Collected data: Begin
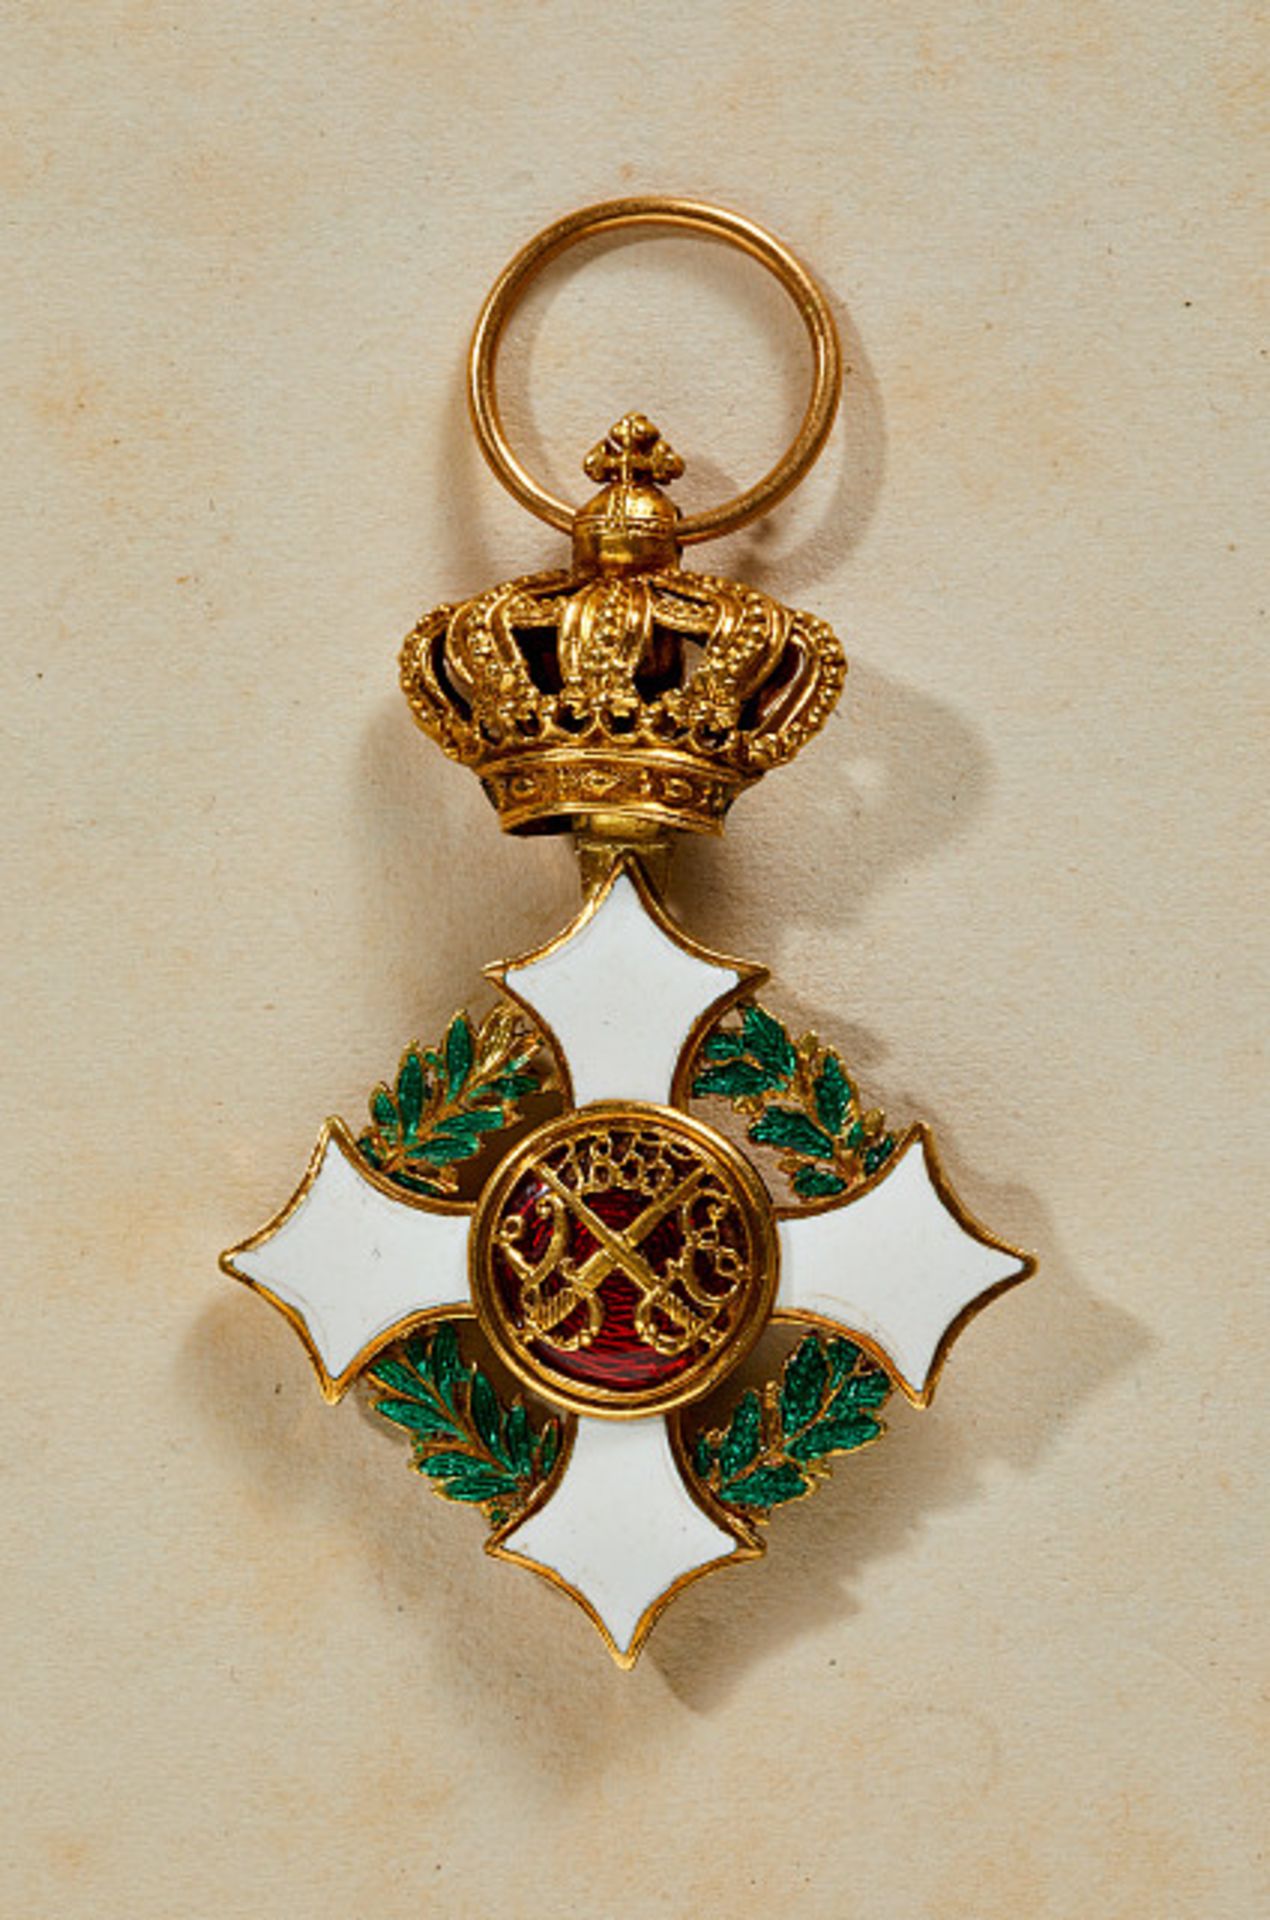 Ausländische Orden & Ehrenzeichen - Italien : Militärorden von Savoyen Militärorden von Savoyen.
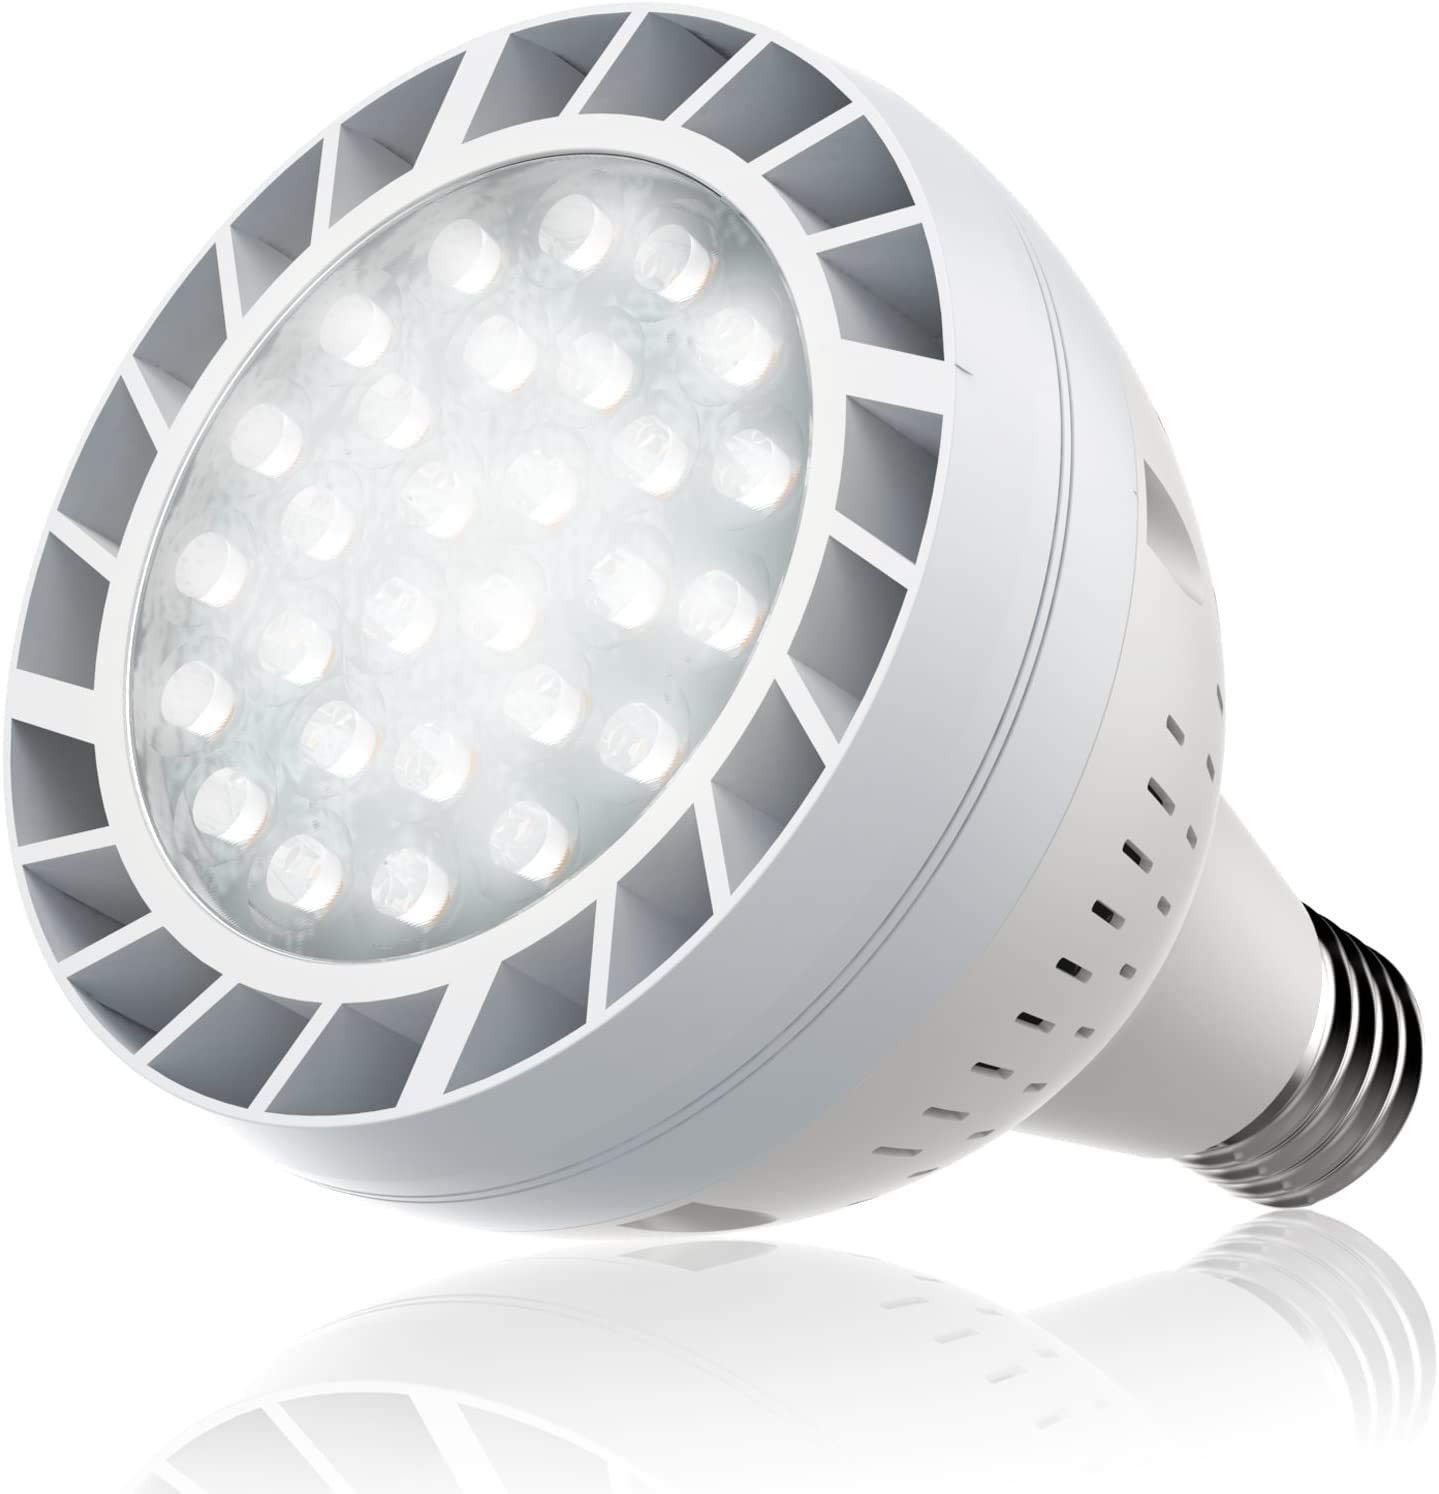 Bonbo LED Pool Bulb White Light 120V 65W 6500K Daylight White E26
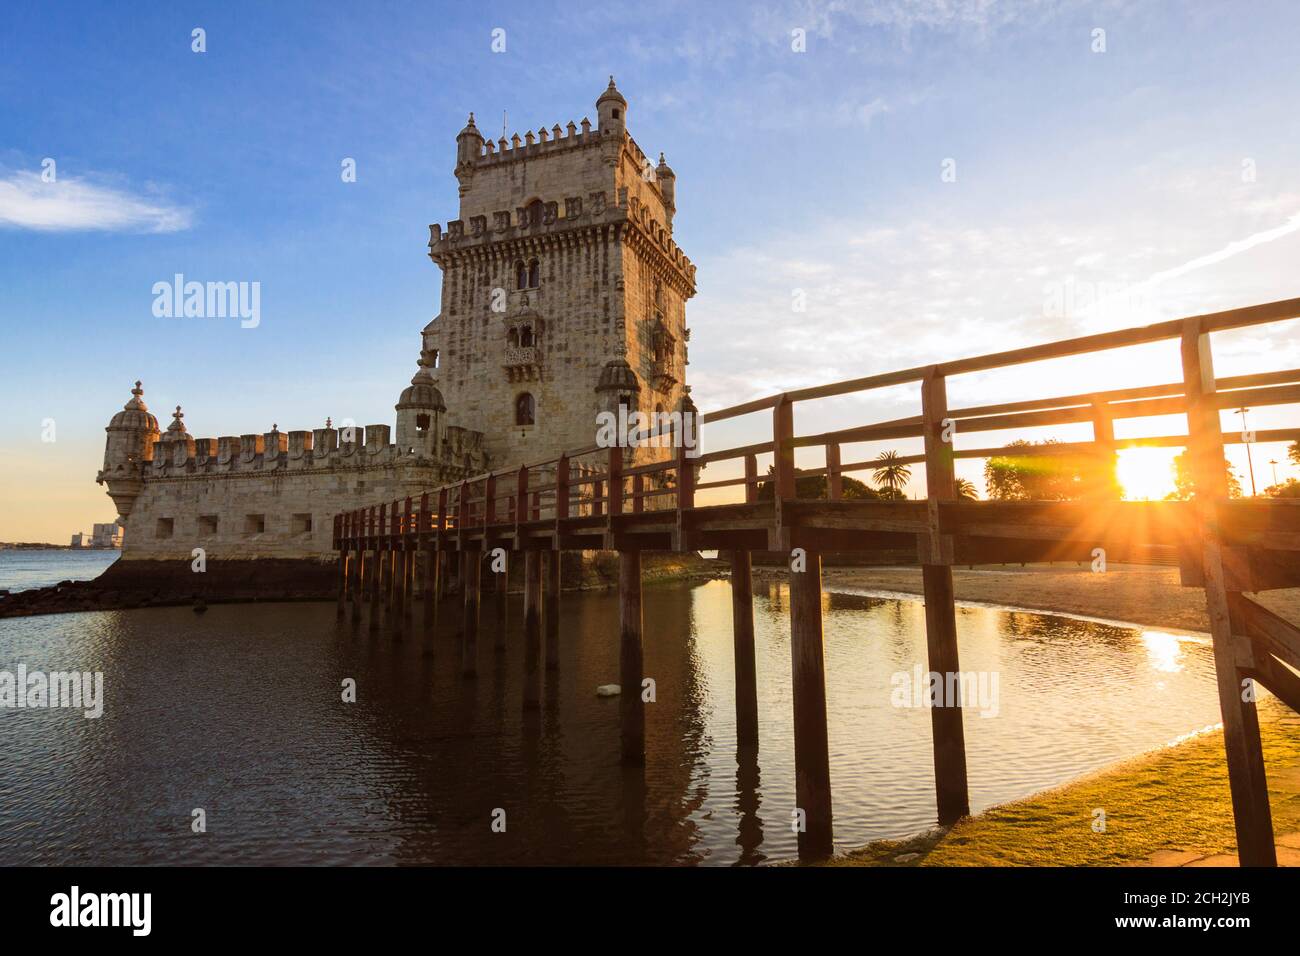 Lissabon, Portugal: Turm von Belém Aussicht bei Sonnenuntergang. Die UNESCO-Gebäude wurde im Jahr 1515 von Francisco de Arruda entworfen, der Hafen der Stadt zu verteidigen. Stockfoto
Collected data: End
_Aim of the exercise_. Omit the images; transcribe the listing verbatim.

_Task solution_.
 Ausländische Orden & Ehrenzeichen - Italien : Militärorden von Savoyen Militärorden von Savoyen.
 Bonbo LED Pool Bulb White Light 120V 65W 6500K Daylight White E26
 Lissabon, Portugal: Turm von Belém Aussicht bei Sonnenuntergang. Die UNESCO-Gebäude wurde im Jahr 1515 von Francisco de Arruda entworfen, der Hafen der Stadt zu verteidigen. Stockfoto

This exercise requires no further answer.